Importantly, fMRI based voxel selection and EEG based trial-type related regressors could either be combined congruently or incongruently (since feature specific response and the feature contrast can be divided into responding stronger to the left or right oriented stimuli). This means that results could be selected for data of all voxels that respond feature specific to one orientation with EEG based regressors built on trials of exactly this orientation (congruent; short: EEGco) or the respective other orientation (incongruent; short: EEGinco). A congruent pairing (EEGco) would e.g. combine data of each voxel with a stronger BOLD increase to left with EEG based regressors based on trials where the stimulus orientation was left. In the case of EEGinco, the same feature specific voxels would rather be combined in a selection with EEG-based regressors for right oriented stimuli. If voxels for both orientations have been selected (feature unspecific response) an EEG regressor that was built on both trial types was used in the result selection (no congruence separation).

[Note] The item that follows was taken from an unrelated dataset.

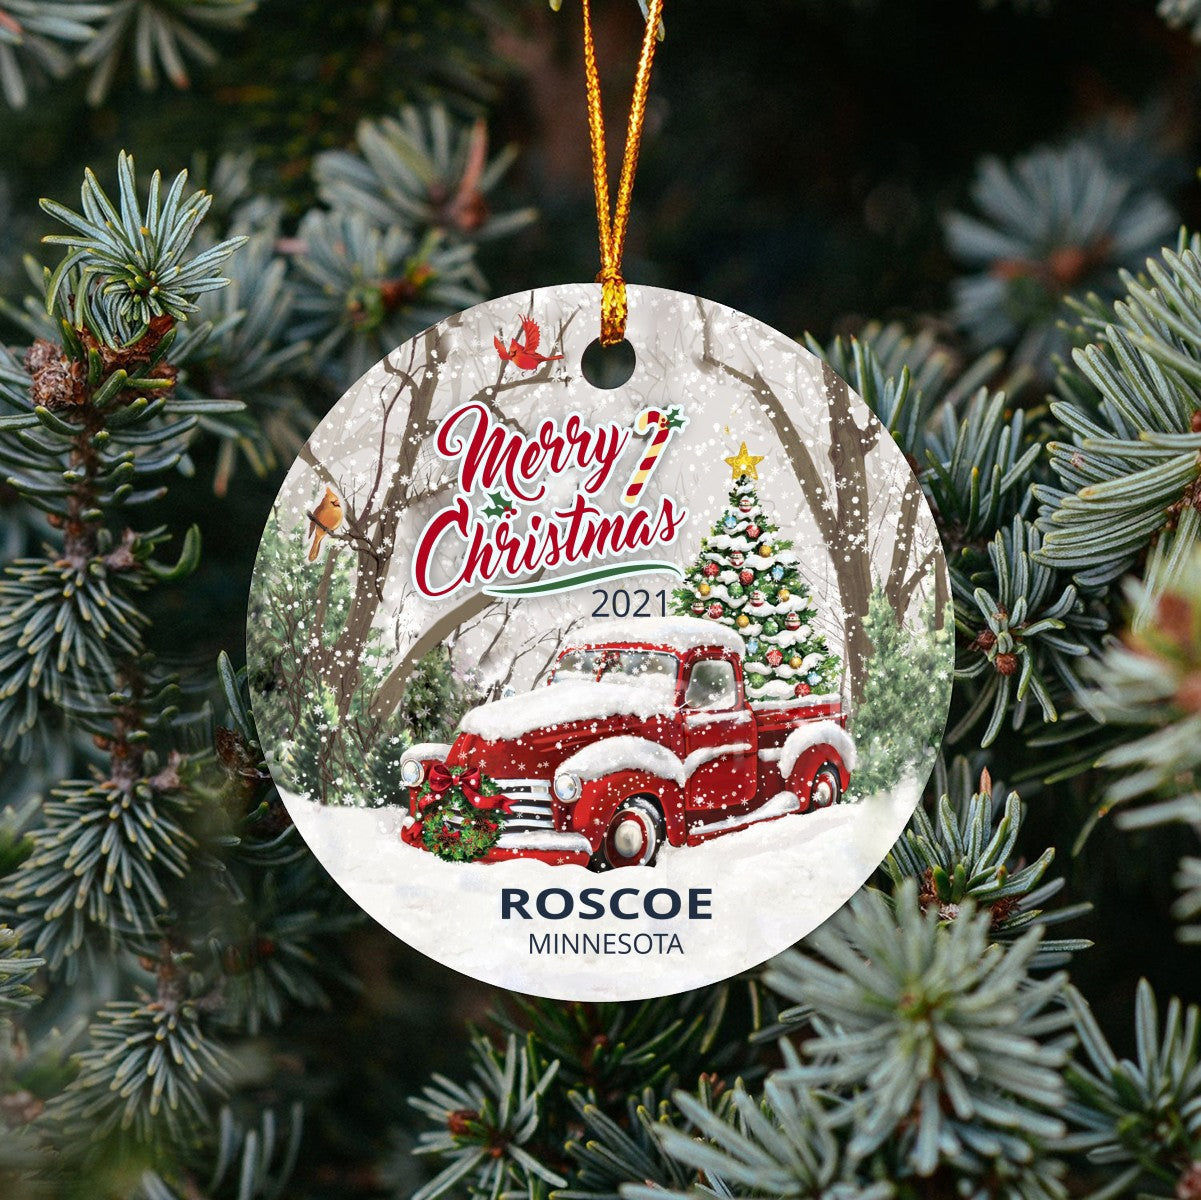 Christmas Tree Ornaments Roscoe - Ornament With Name City, State Roscoe Minnesota MN Ornament - Red Truck Xmas Ornaments 3'' Plastic Gift For Family, Friend And Housewarming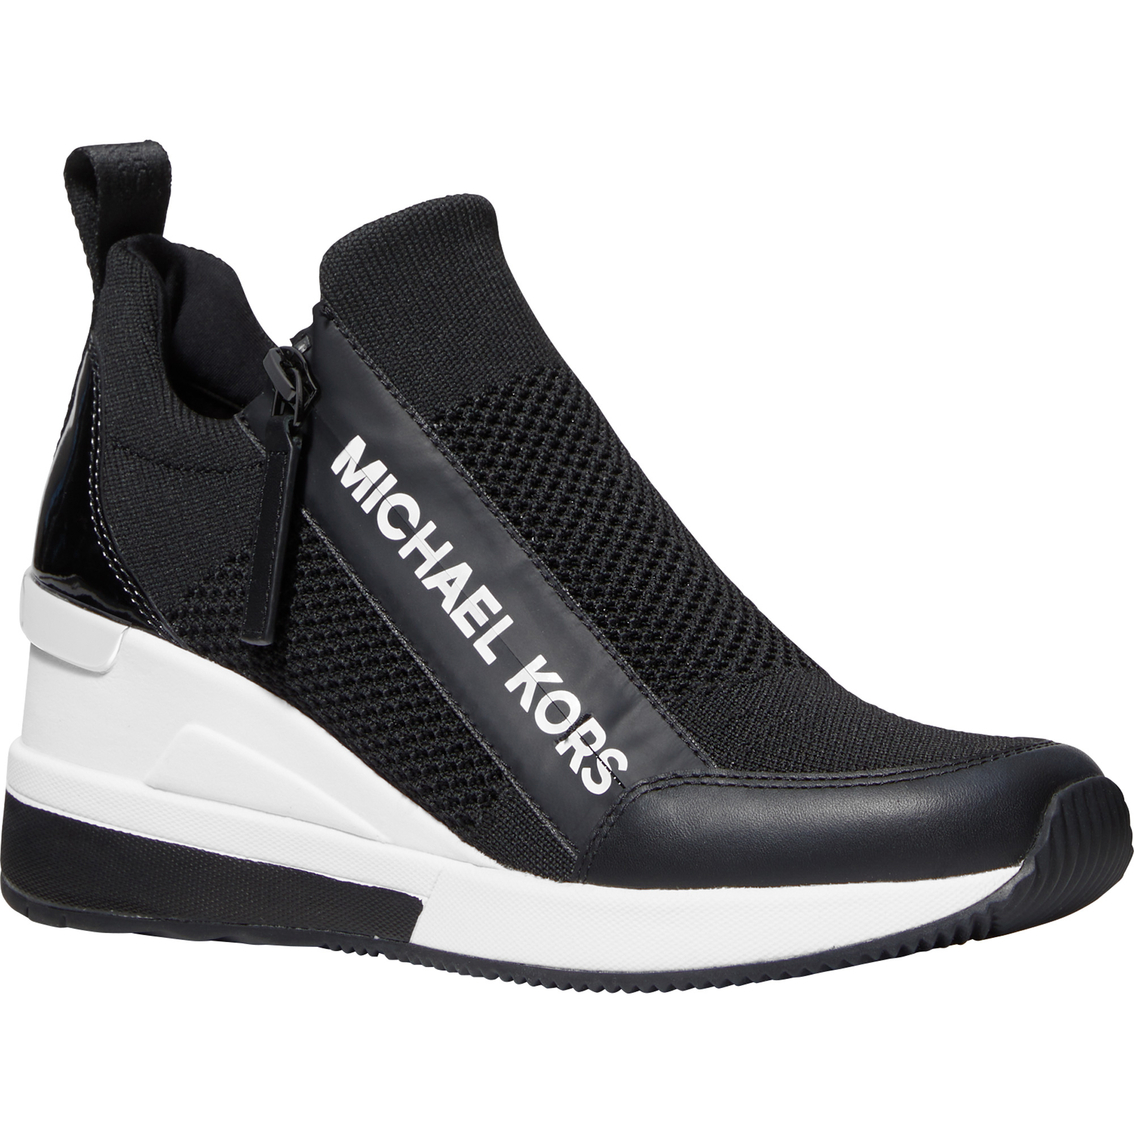 Michael Kors Willis Wedge Trainer Shoes | Sneakers | Shoes | Shop The ...

Irrespective of voxel selection, a higher t-value selection threshold indicates higher specificity for the respective stimulus and a lower threshold increases the signal-to-noise ratio (SNR) by including more data. This changes the number of voxels selected. In previous publications, employing a similar experimental setup, 500 voxels with highest activation (Lawrence et al., 2018, 2019b) or the top 5%, 10% or 25% activated voxels (Scheeringa et al., 2016) were selected. A study by Markuerkiaga et al. (2021), specifically designed to assess the number of voxels required for optimal SNR in the context of laminar level fMRI, finds 250 voxels (for 3T fMRI) to yield the best contrast-to-noise ratio (CNR). However, since all previously mentioned publications set a more or less arbitrary threshold and the last did not take the correlation with EEG into account and hence potential changes in SNR and CNR for those cases, three thresholds have been selected to eliminate eventual uncertainties: 5%, 10% and 25% of most activated voxels.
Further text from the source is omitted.